Charity Target from individuals (Dec 2014) Max from individuals (Dec 2014) Actual from individuals Summary
Against Malaria Foundation 5 5 4.5 Close to target
Schistosomiasis Control Initiative 1 1 1.1 On target
Deworm the World Initiative 0.5 1 0.7 Reached target but did not exceed max
GiveDirectly 1 25 2.4 Reached target but did not exceed max


Against Malaria Foundation (AMF)

Donations to AMF from GiveWell-influenced donors were short of our target by about $0.5 million. AMF is currently in discussions about funding several large-scale bednet distributions. It is our understanding that the amount of funding AMF has available is a limiting factor on both how many nets it can provide to each distribution it is considering and on how many discussions it can pursue at one time.

We have written before about AMF’s lack of track record at signing agreements for and successfully completing large-scale distributions with partners other than Concern Universal in Malawi. In 2014, AMF signed its first agreement to fund a large-scale distribution with another partner in a different country: IMA World Health in the province of Kasaï Occidental in the Democratic Republic of the Congo (more). The Kasaï Occidental distribution was scheduled to be completed in late 2014. We have not yet seen results from this distribution, and AMF’s track record of completing and reporting on successful large-scale distributions remains limited. AMF expects to be able to share information from this distribution in the next few weeks.

We plan to continue recommending funds to AMF for now and to reassess AMF’s progress later in the year.


In December, we noted that GiveDirectly could likely absorb up to $25 million in funding from GiveWell-influenced individuals. We tracked $2.4 million to GiveDirectly from these individuals and it is possible that GiveWell influenced several million dollars more – between February 2014 and January 2015, GiveDirectly received several million dollars from individuals who did not provide information on how they learned about the organization. We continue to believe that GiveDirectly has substantial room for more funding.

Schistosomiasis Control Initiative (SCI)

In December we set a target of SCI receiving $1 million from GiveWell-influenced individual donors and set the max we aimed for SCI to receive from this group at the same amount. We estimate that SCI received about $1.1 million based on GiveWell’s recommendation.

We have fairly limited information on SCI’s room for more funding because (a) SCI recently began working with a new financial director and is in the process of reorganizing its financial system, and so has not yet been able to provide us with a comprehensive financial update; and (b) SCI held a meeting on March 24 to allocate unrestricted funds and sent us a report from that meeting recently, which we have not yet had time to review. We will be following up with SCI to learn more about its plans and funding needs.

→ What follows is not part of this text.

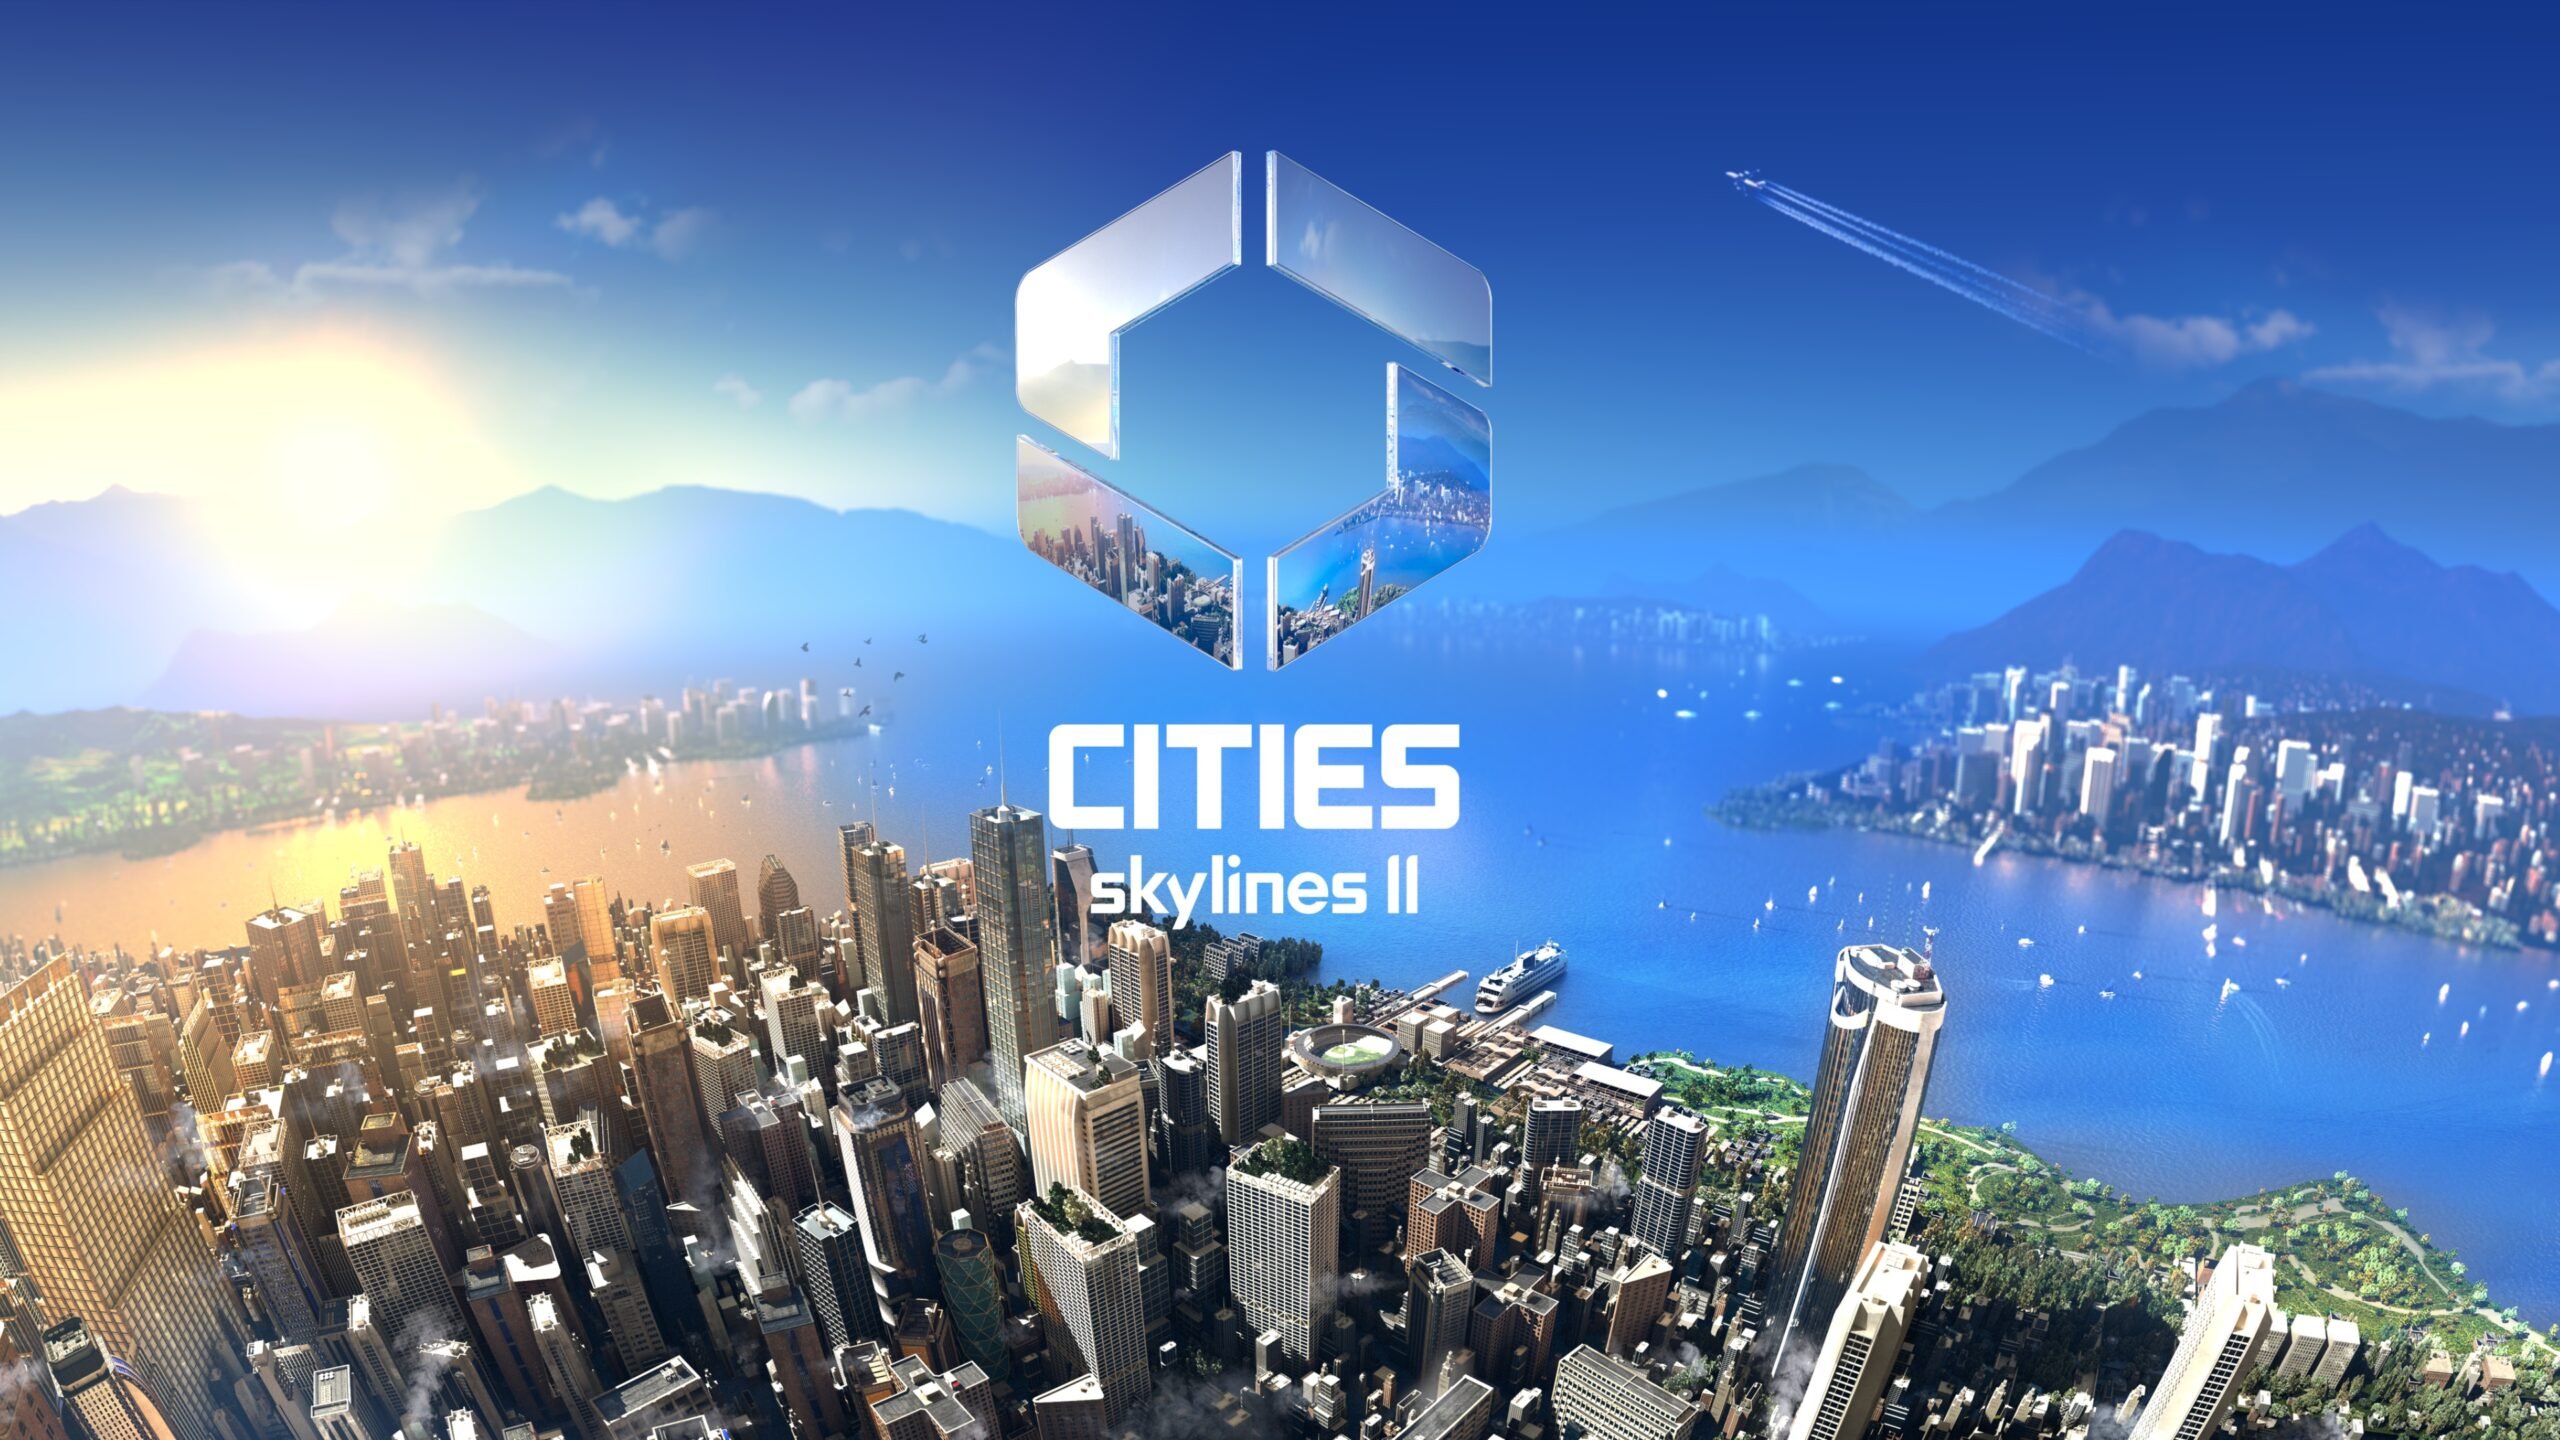 Best Cities Skylines II Wallpaper [ HQ ]

We plan to continue recommending funds to SCI because (a) our room for more funding estimates for SCI are rough and we believe there is a reasonable chance that SCI has room for more funding; (b) we expect to learn more about SCI’s room for more funding in the next few months; and (c) we do not expect SCI to receive a large amount of funding due to our recommendation over the next few months (since most donors give in December).

Deworm the World Initiative, which is led by Evidence Action

In December we set a target of $0.5 million from GiveWell-influenced individual donors to Deworm the World and set the max we aimed for Deworm the World to receive from this group at $1 million. We estimate that Deworm the World received about $0.66 million based on GiveWell’s recommendation.

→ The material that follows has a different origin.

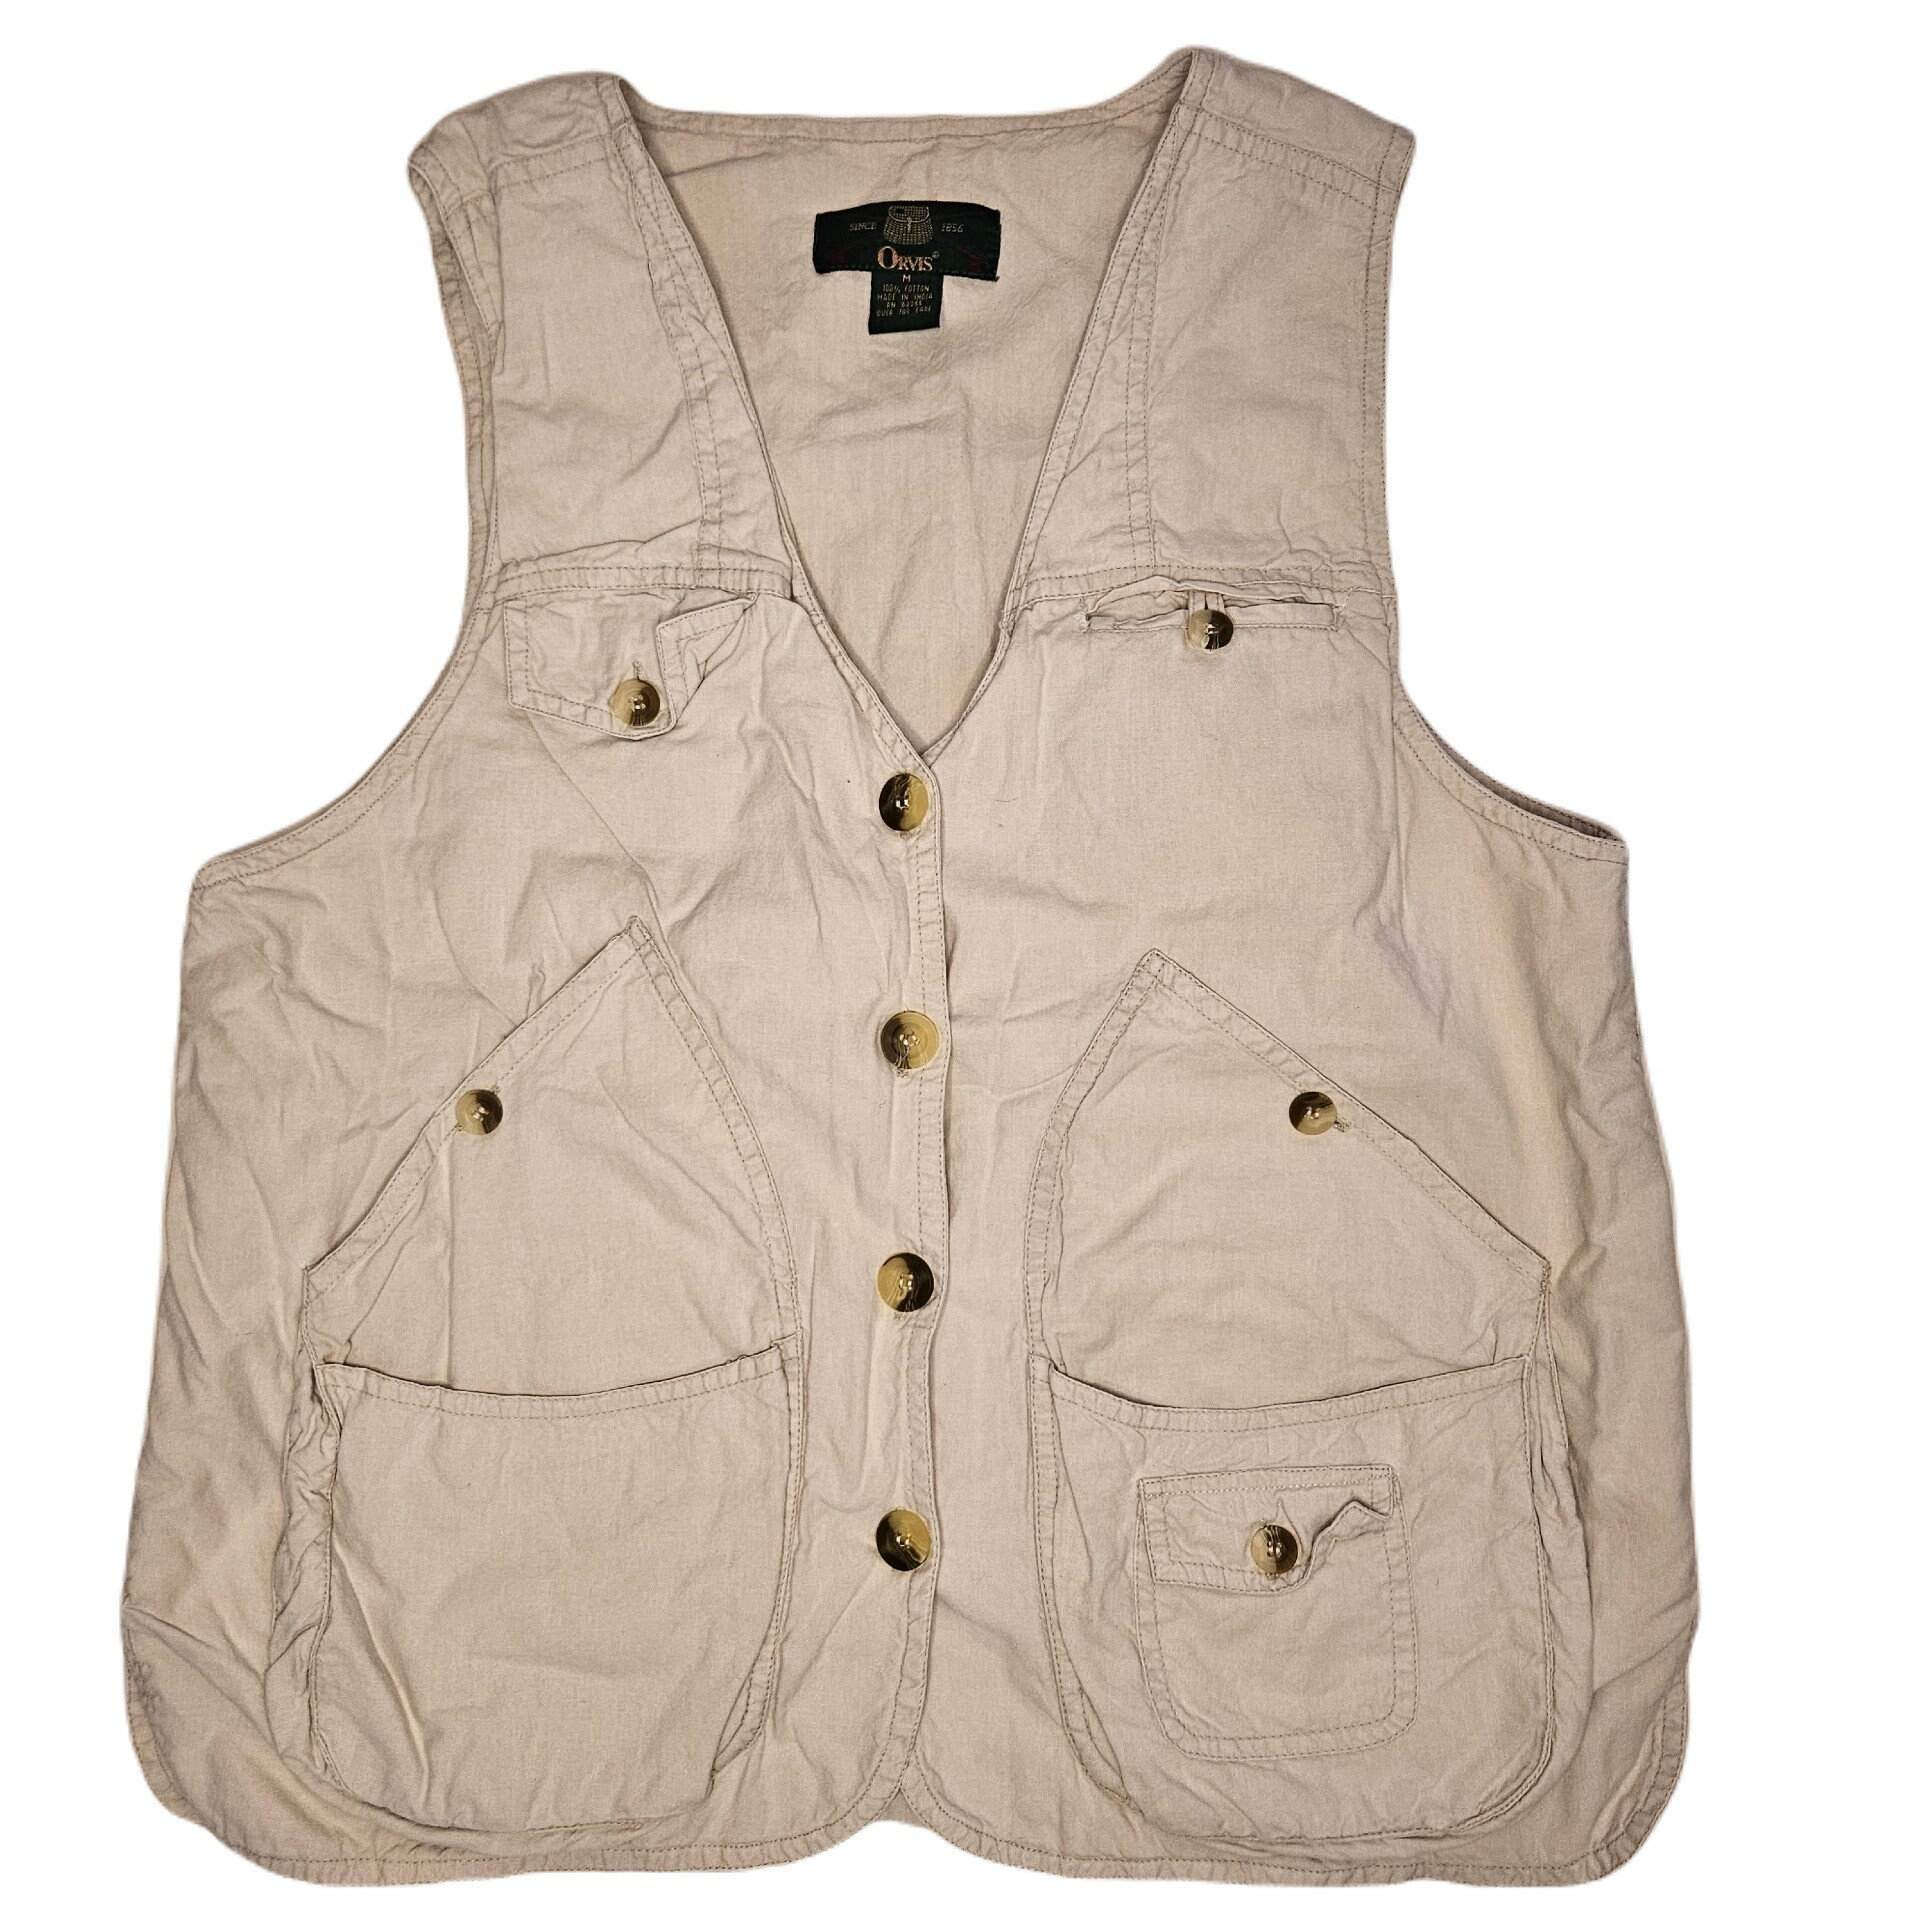 90's Orvis Fishing Vest / Women's Medium / Light Khaki/beige

It’s our understanding that Deworm the World may have opportunities over the next few years to support up to three deworming programs which could each cost several million dollars. We are in the process of following up with Deworm the World to learn more about how likely these programs are to require unrestricted funding from Deworm the World and when funding might become a bottleneck to moving forward with these programs.

We plan to continue recommending funds to Deworm the World.